Expanded highly active antiretroviral therapy (HAART) coverage is associated with a 50 percent decrease in new yearly HIV infections among injection drug users, a new study has found.

The comprehensive population-based study, conducted by the BC Centre for Excellence in HIV/AIDS (BC-CfE), has been presented at the 17th Conference on Retroviruses and Opportunistic Infections in San Francisco.

These results were temporally related to an outreach effort specifically targeting injection drug users.
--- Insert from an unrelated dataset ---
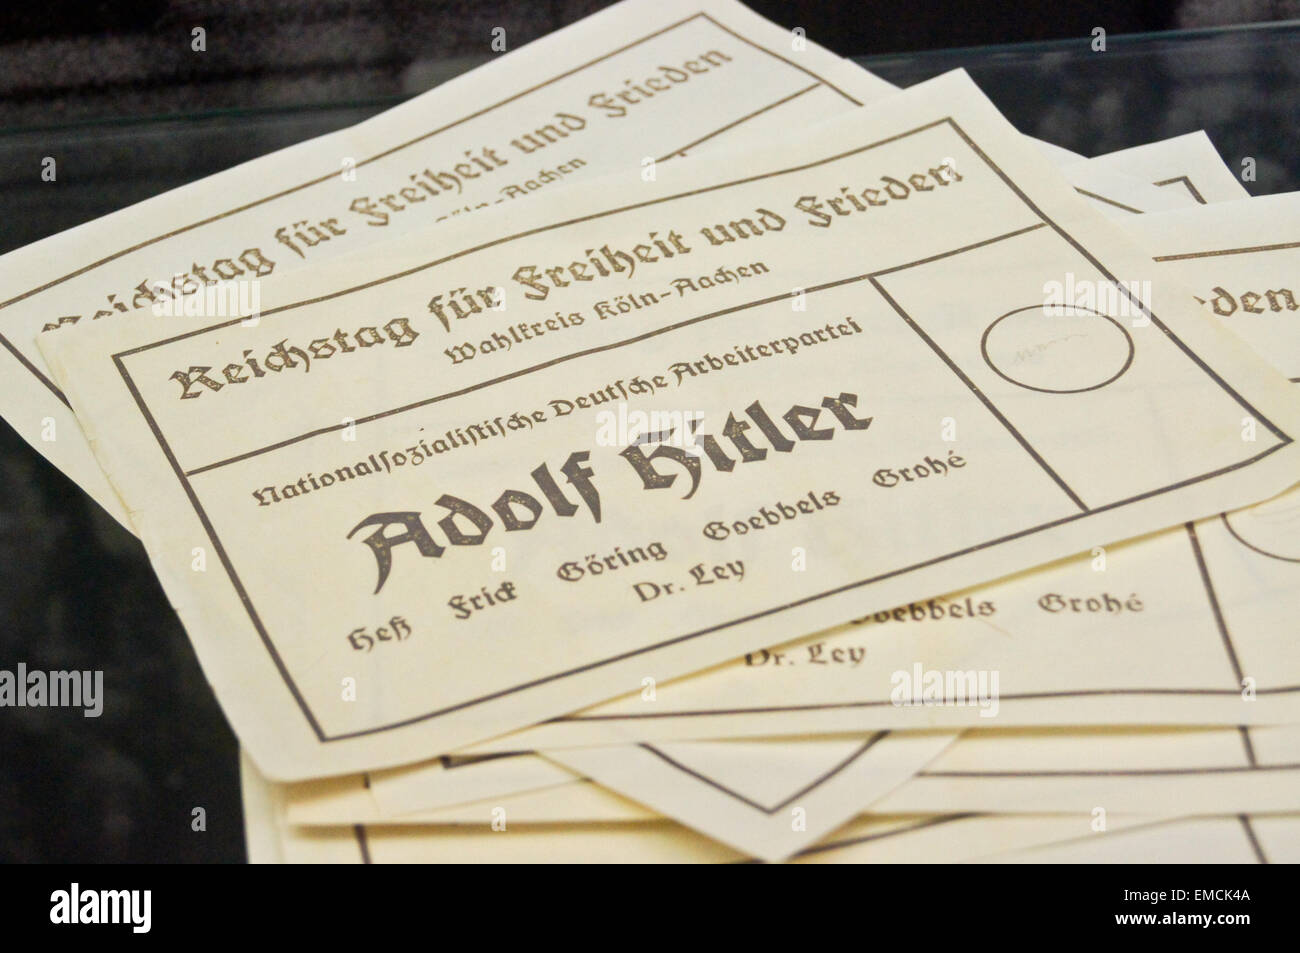 Un bulletin de vote pour le Reichstag avec Adolf Hitler en tant que seul candidat, 1933, Stadtmuseum, Koln, Nordrhein-Westfalen, Allemagne Banque D'Images
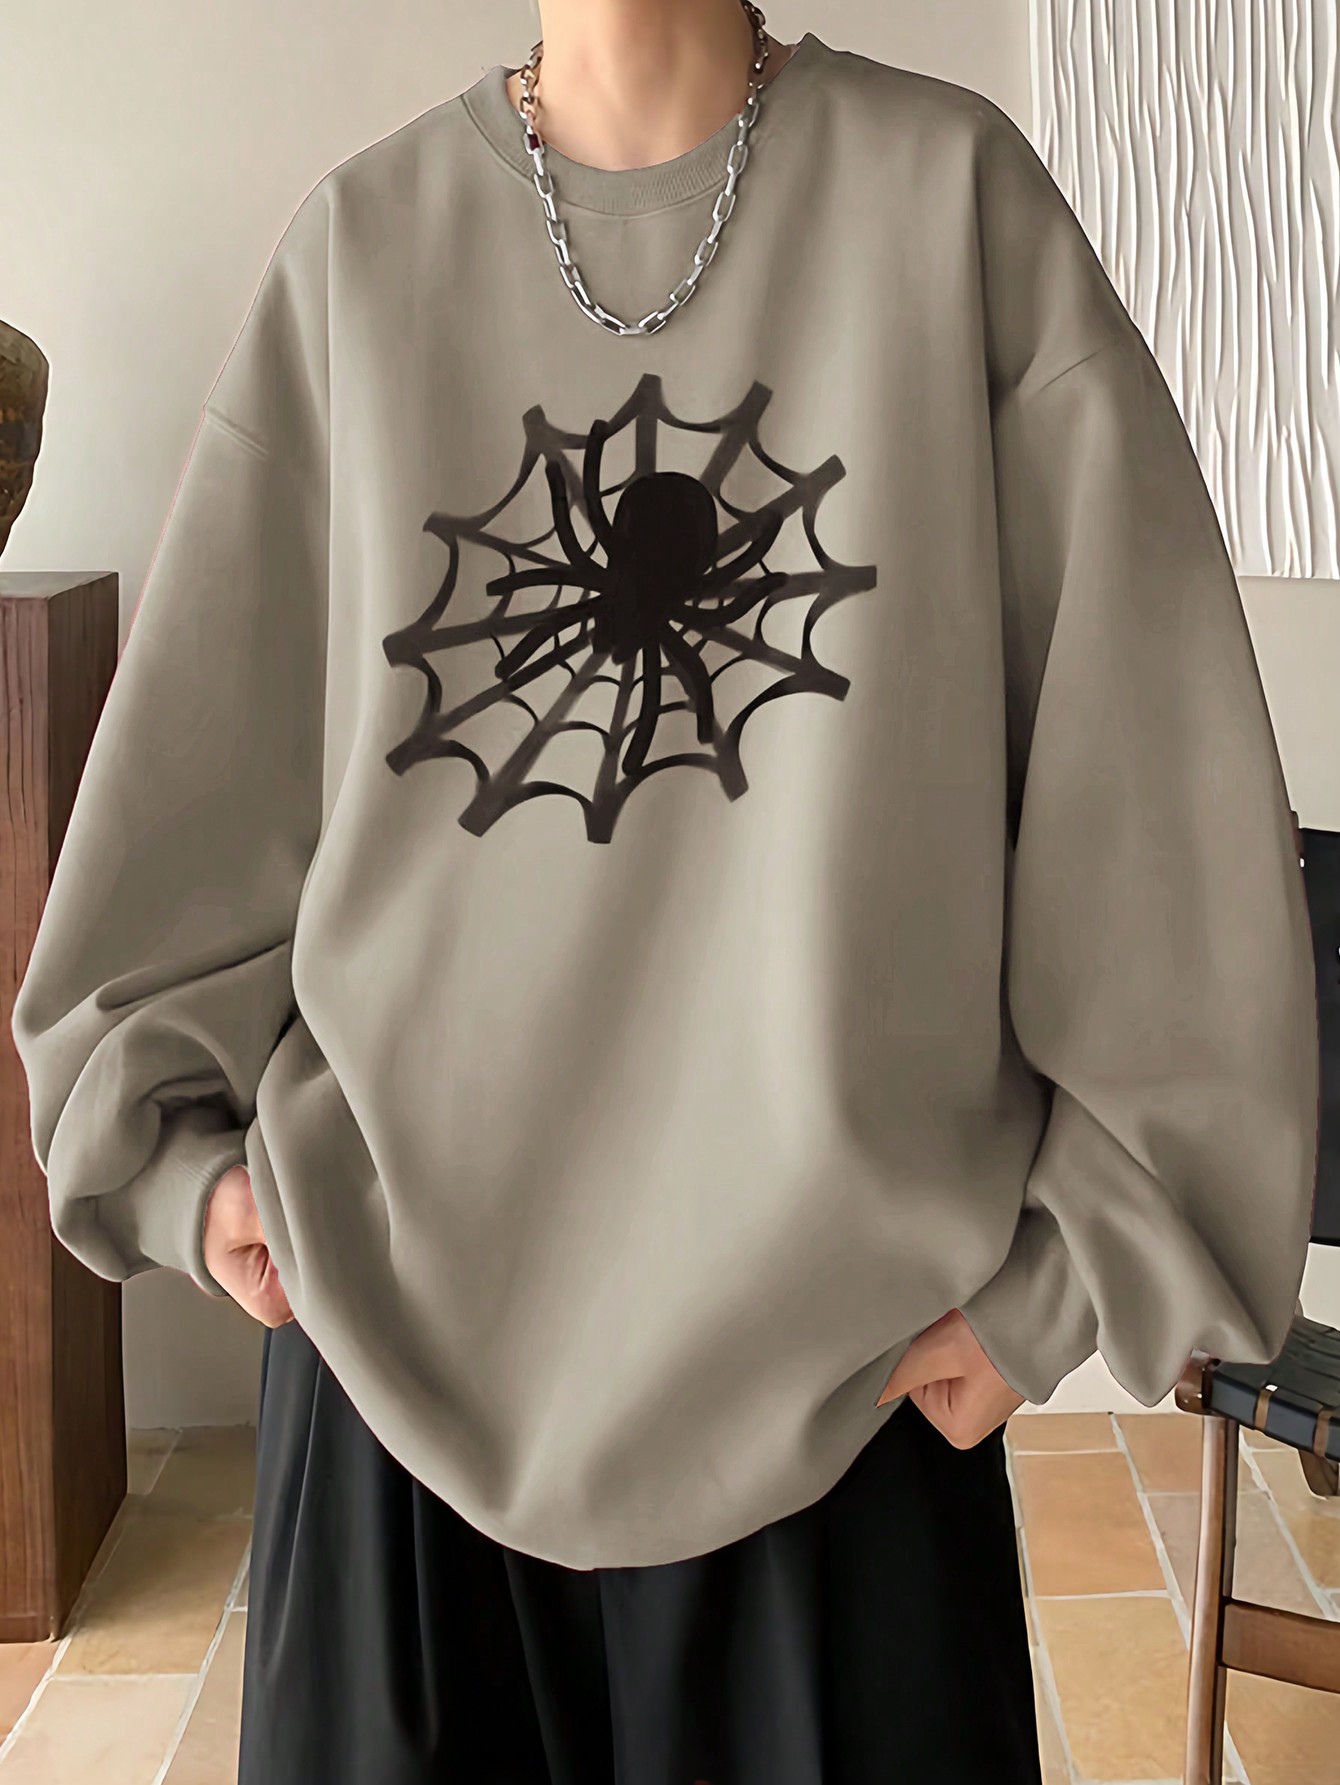 Manfinity EMRG Мужской пуловер свободного кроя с принтом паутины и заниженными плечами, хаки мужской рюкзак с двумя плечами черный

In addition, increased HAART coverage was associated with a decrease in the community HIV plasma viral load in British Columbia.

The study results point to the effectiveness of HAART in providing life-supporting benefits to all HIV-infected people, including those in marginalized communities such as injection drug users. A previous BC-CfE study showed that five-year mortality is similar between HIV-infected injection drug users and non-users infected with HIV and treated with HAART. Today's results show that HAART's secondary benefit of HIV prevention will also be realized among drug users.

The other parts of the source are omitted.